_WORK ORDER:_ Print all of the data below exactly as it appears, leaving out every image.
** RECORDED DATA follows **
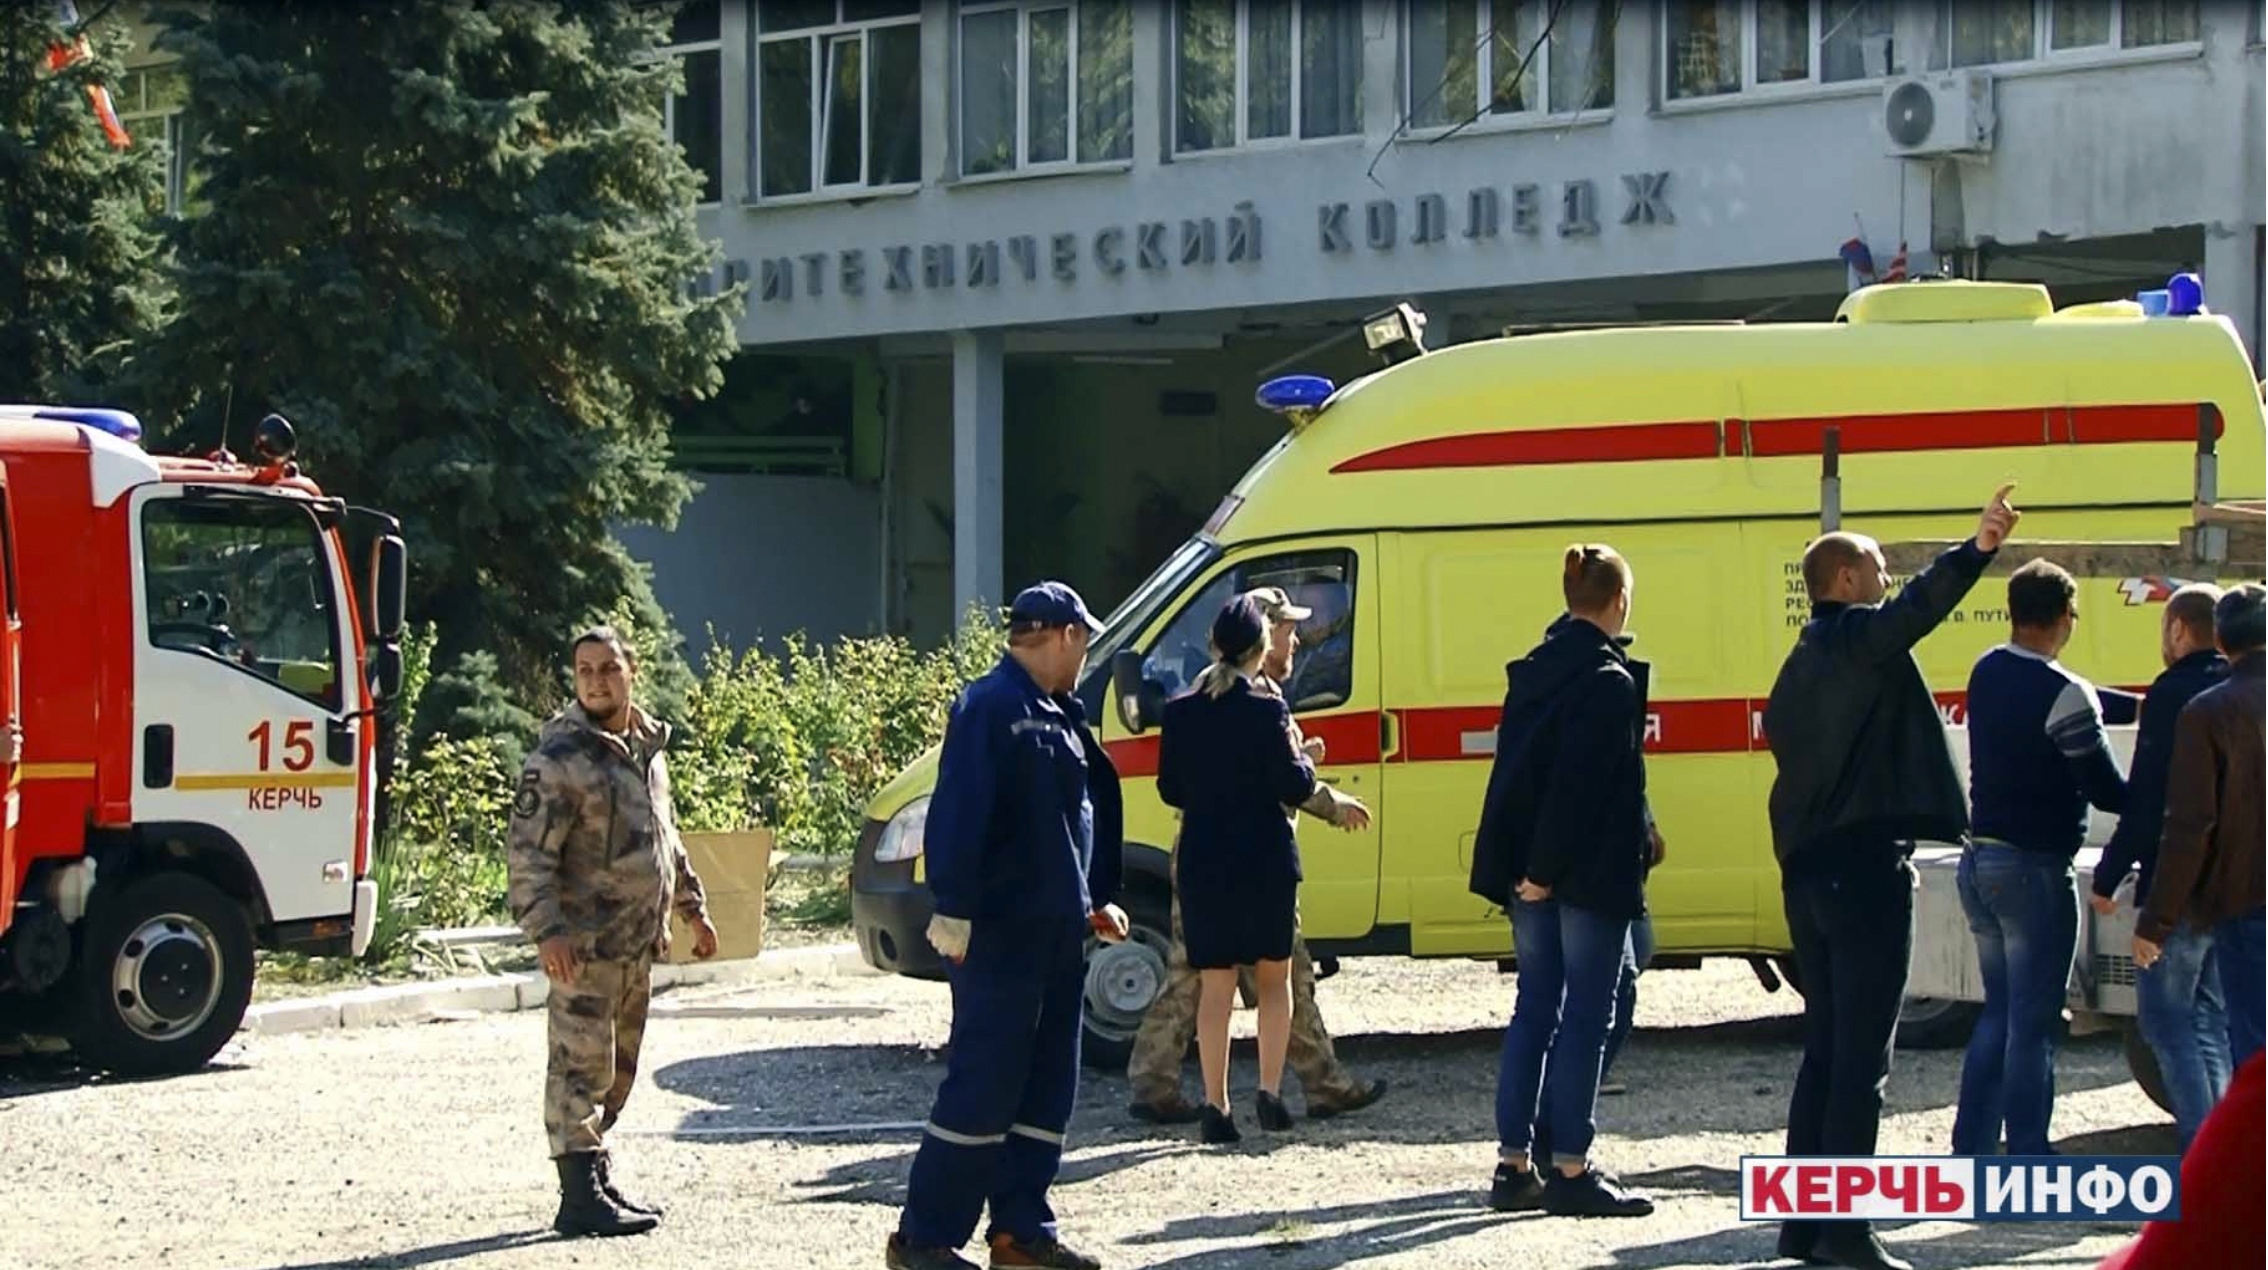 The scene outside the Kerch Polytechnic College on Wednesday.
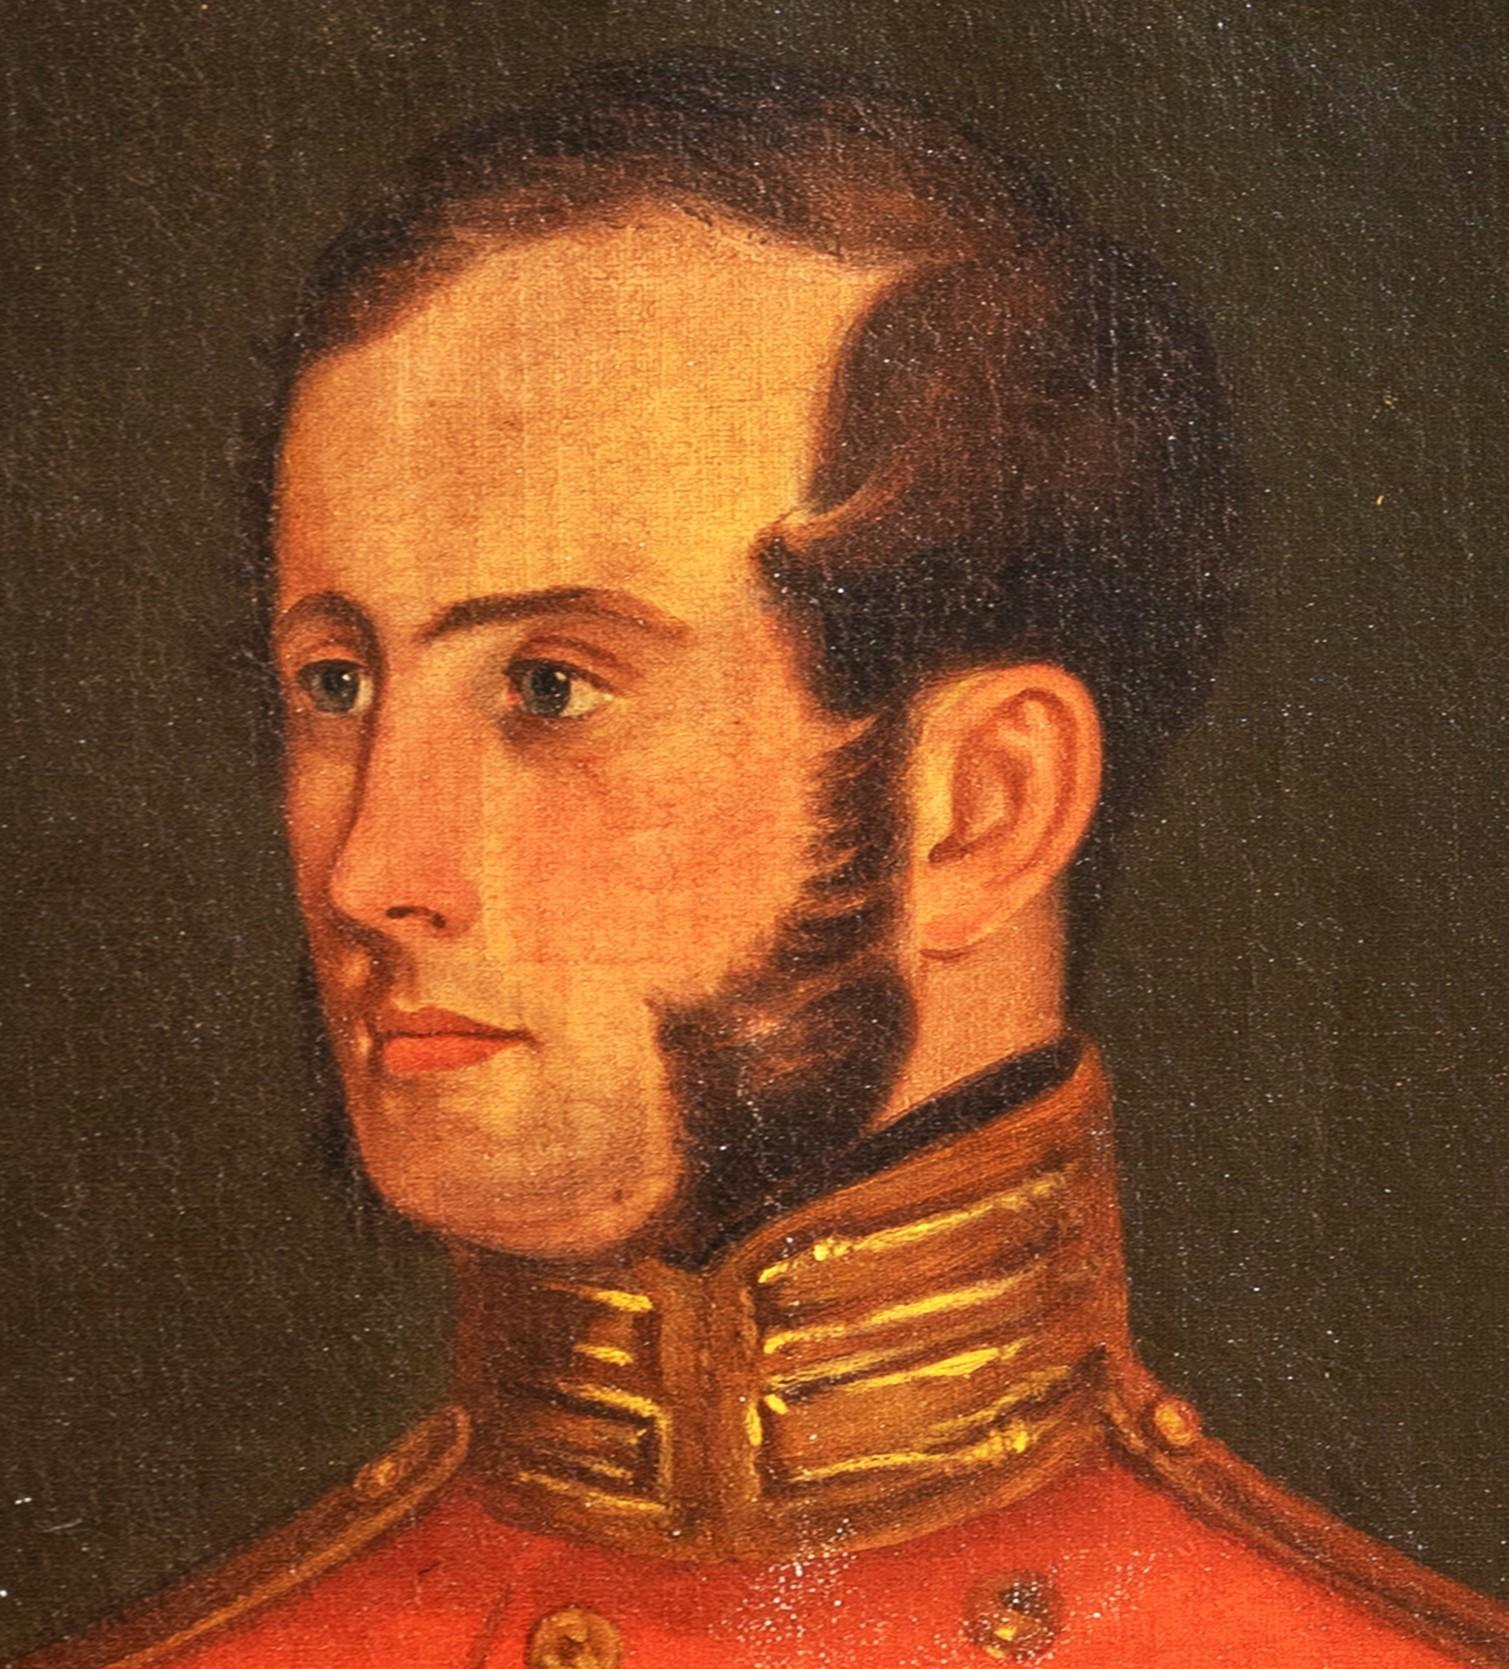 Portrait Of A British Officer, early 19th Century

Napoleonic wars Era

Early 19th Century Napoleonic Wars Era portrait of a British military officer, oil on canvas. Excellent quality and condition portrait of the officer in his red tunic at bust
** End of RECORDED DATA **
_SOLUTION TO THIS EXERCISE:_
 The scene outside the Kerch Polytechnic College on Wednesday.
 Portrait Of A British Officer, early 19th Century

Napoleonic wars Era

Early 19th Century Napoleonic Wars Era portrait of a British military officer, oil on canvas. Excellent quality and condition portrait of the officer in his red tunic at bust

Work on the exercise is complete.